Aptly titled, this is the kind of thing you put on as the afternoon wears its way into the evening. On my fourth listen through, I still find myself staring out the window while the clouds change and the birds flirt, ignoring the emails from my editor and thousands of assignments I should be starting. But I’m getting ahead of myself. This is electronic music, mostly instrumental, always warm. Often there is reverb, clicks, bubbling, incomprehensible vocal samples. Sometimes there are stuttering drums, sometimes there are old karate-film samples – because while there is no rapping here, you can feel hip-hop’s influence throughout. We get very dancey, but very introspective too.

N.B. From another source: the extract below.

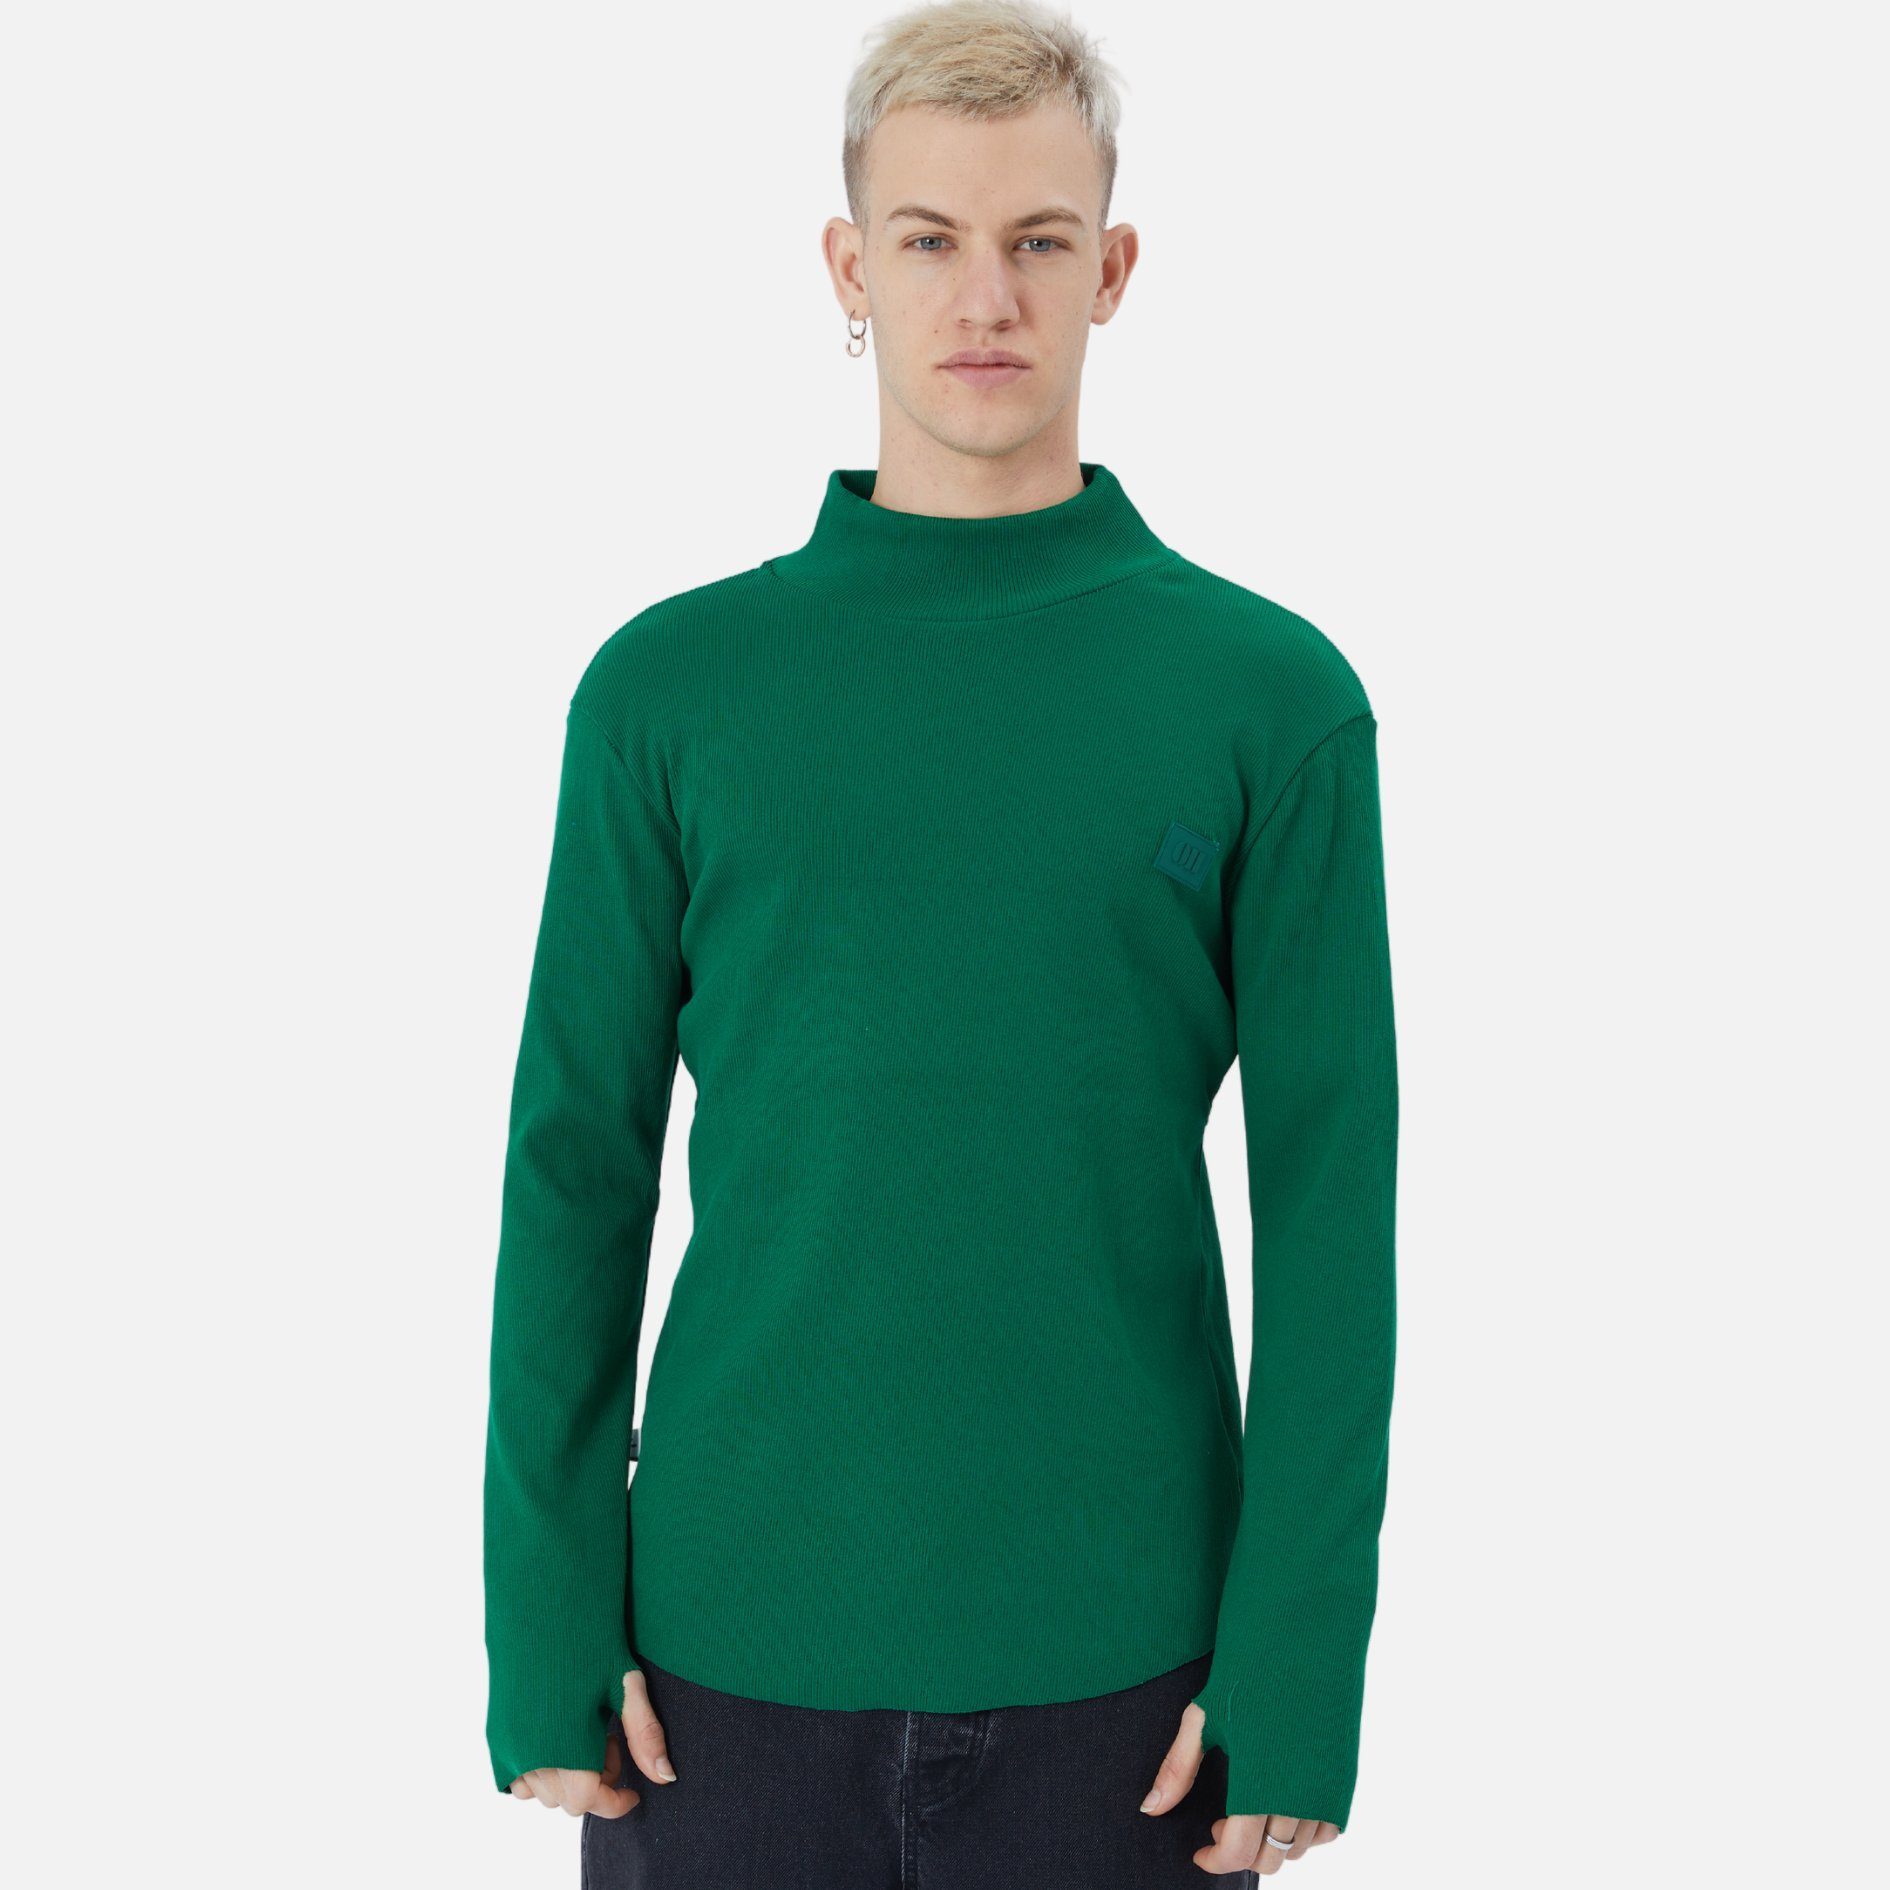 COFI Casuals Sweatshirt Herren Rundhals Sweatshirt Regular Fit Pullover Dunkelgrün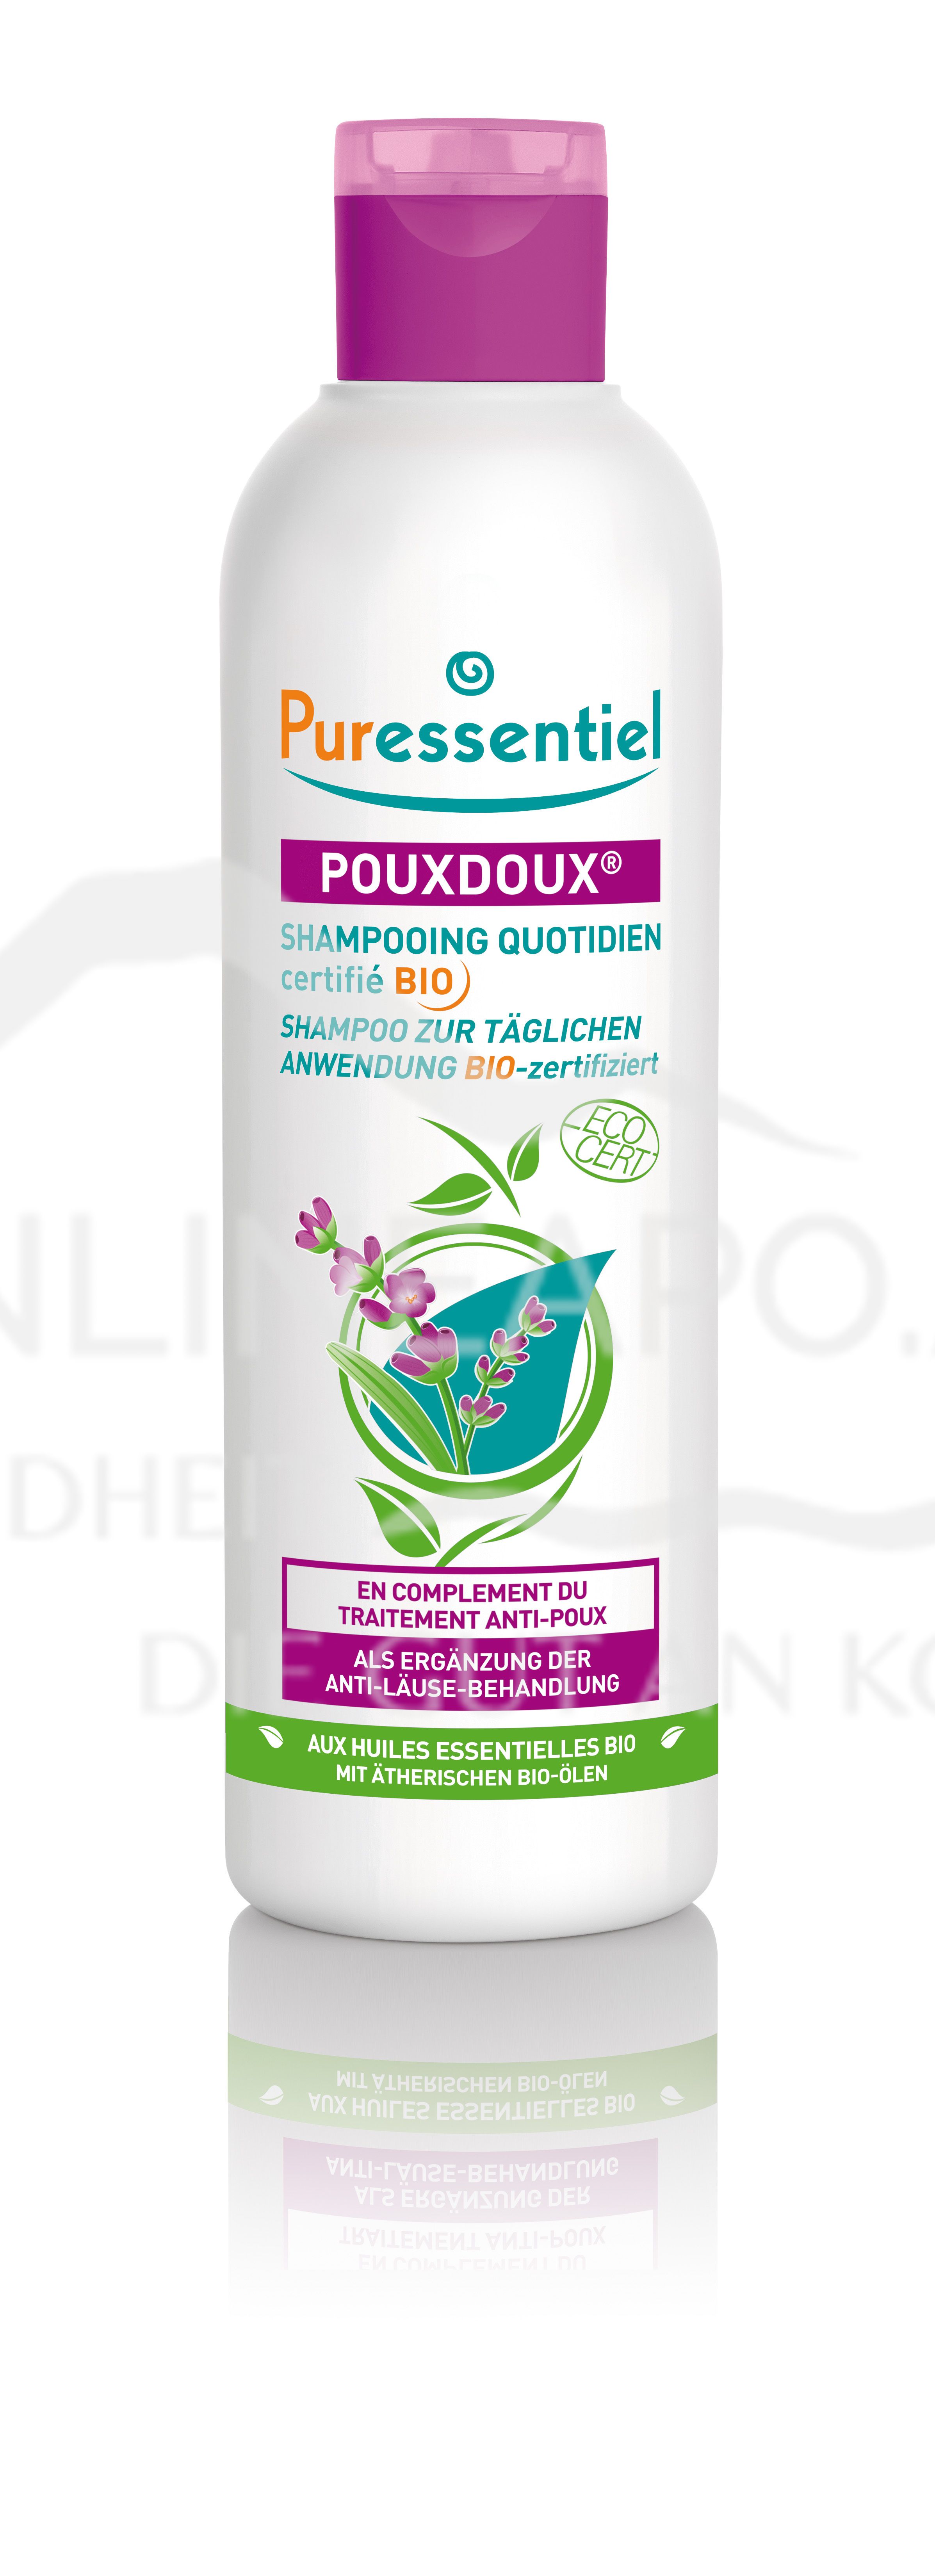 Puressentiel Pouxdoux® Shampoo

KCB’s sound is consistent enough for them to feel like a musical collective, rather than just a geographic/social one, even if, as member Skymning says, they are all in “the same age bracket in the same country”. While spanning genres of electronic music, there is a certain feel maintained here, one that makes this a hard tape to put on for a single song and then turn off. Of course, there are highlights here – particularly Career Girls’ ‘#00FFFF’ (a colour code for light aqua) and Race Banyon/Eskimo Eyes’ ‘The Way That I Do’ – but this is cohesive enough to be listened to as a whole, not just mined for keepers.